At the line with "Acne Studios –", start transcribing; stop after the last line of the data below. Keep it exact and leave pictures out.
** Opening Dataset extract block **
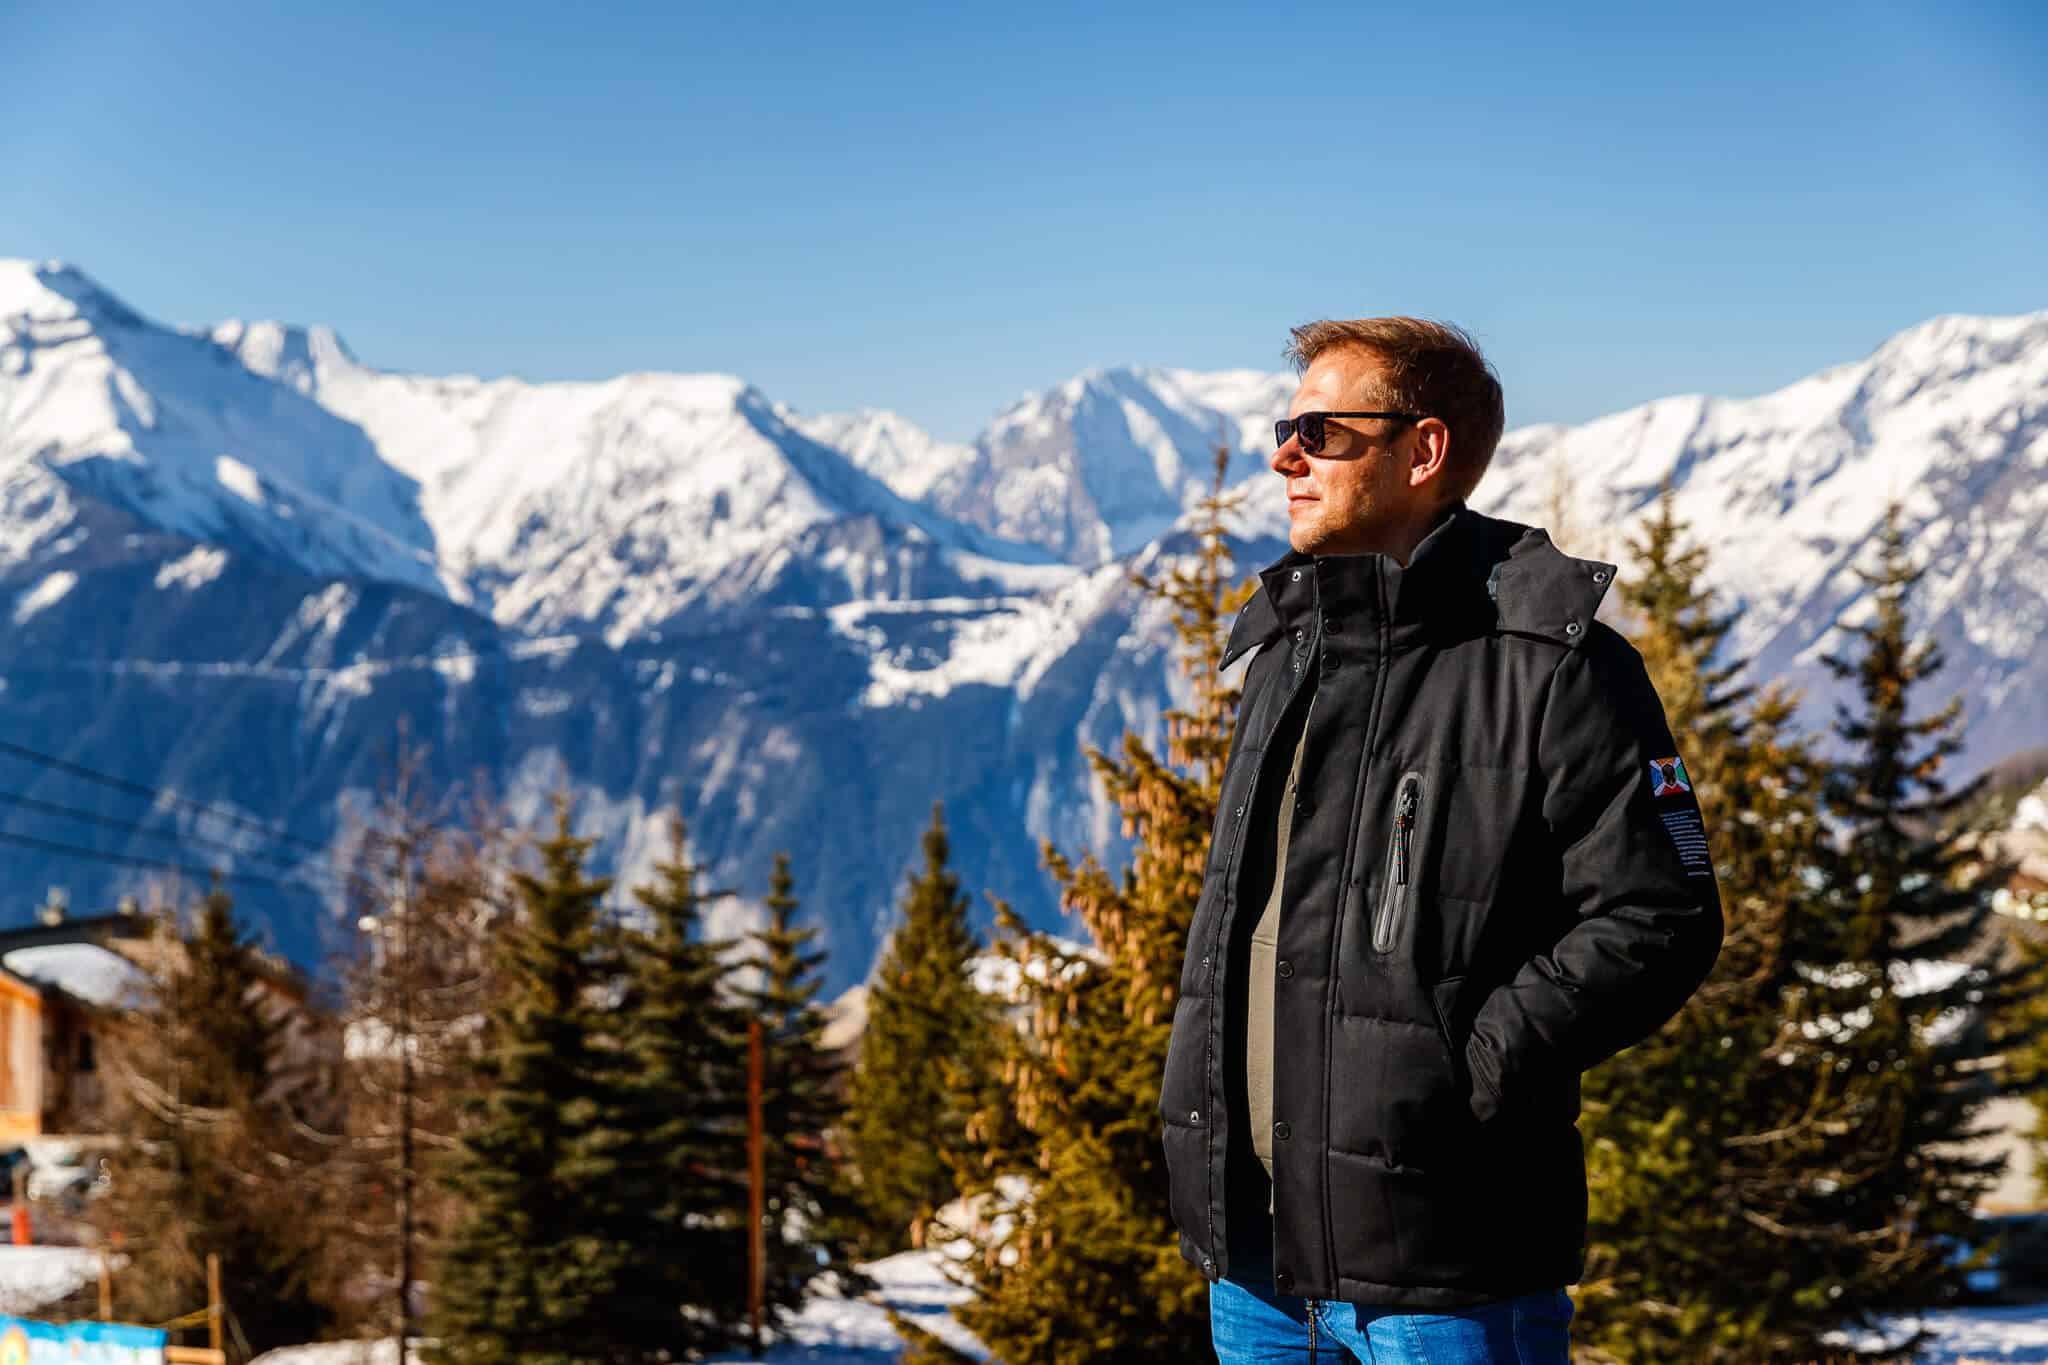 Armin van Buuren has released his meditation routine on Insight Timer
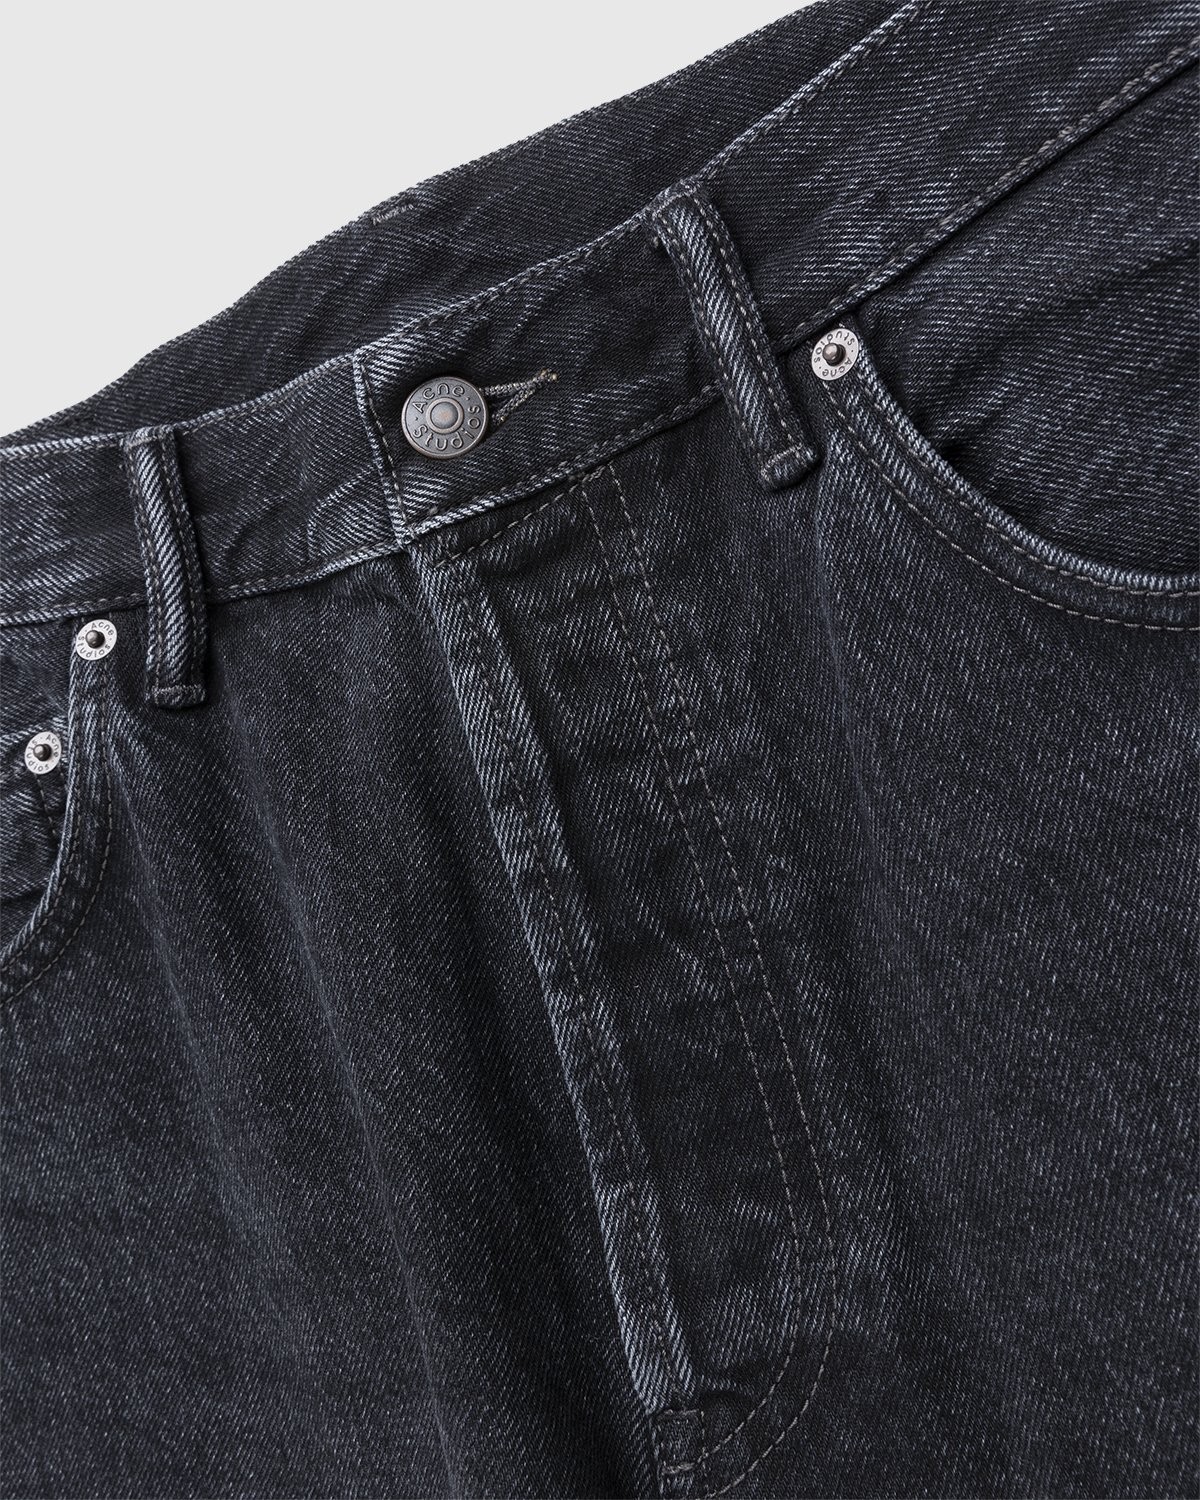 Acne Studios – Brutus 2021M Boot Cut Jeans Black | Highsnobiety Shop
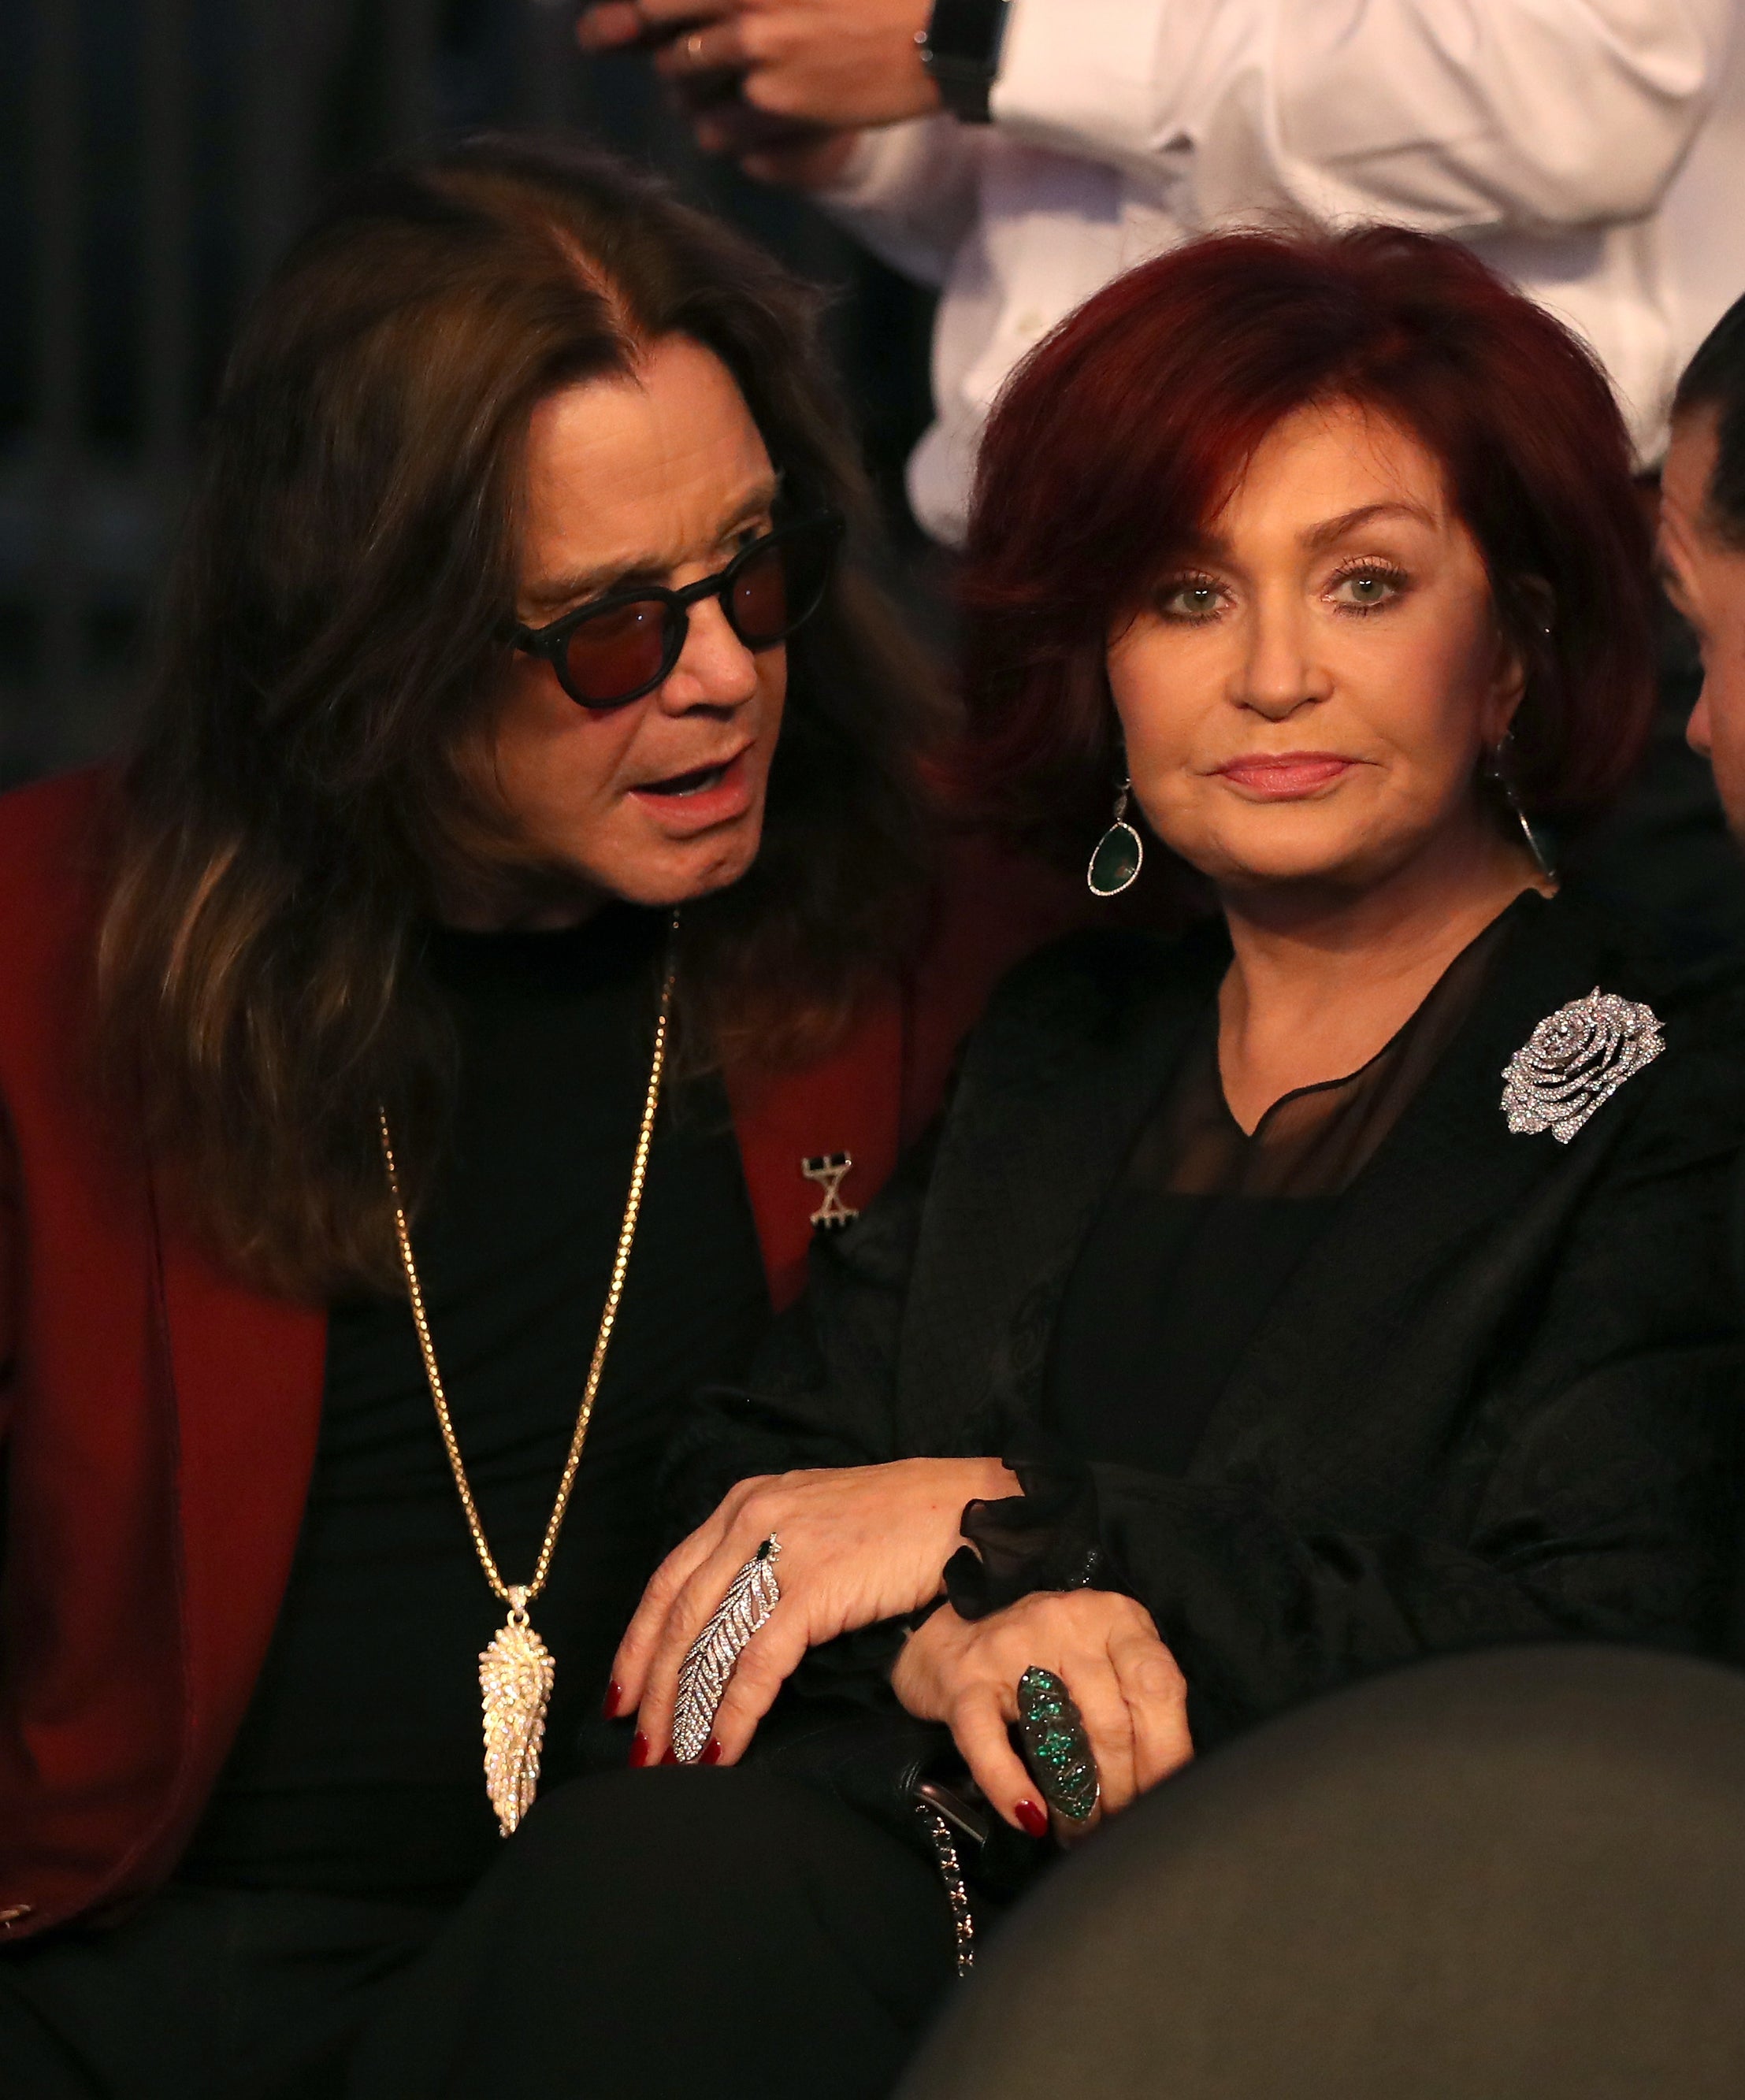 Ozzy Osbourne and Sharon Osbourne sit close together in conversation
** Closing Dataset extract block **
» **Response area**:
 Acne Studios – Brutus 2021M Boot Cut Jeans Black | Highsnobiety Shop
 Ozzy Osbourne and Sharon Osbourne sit close together in conversation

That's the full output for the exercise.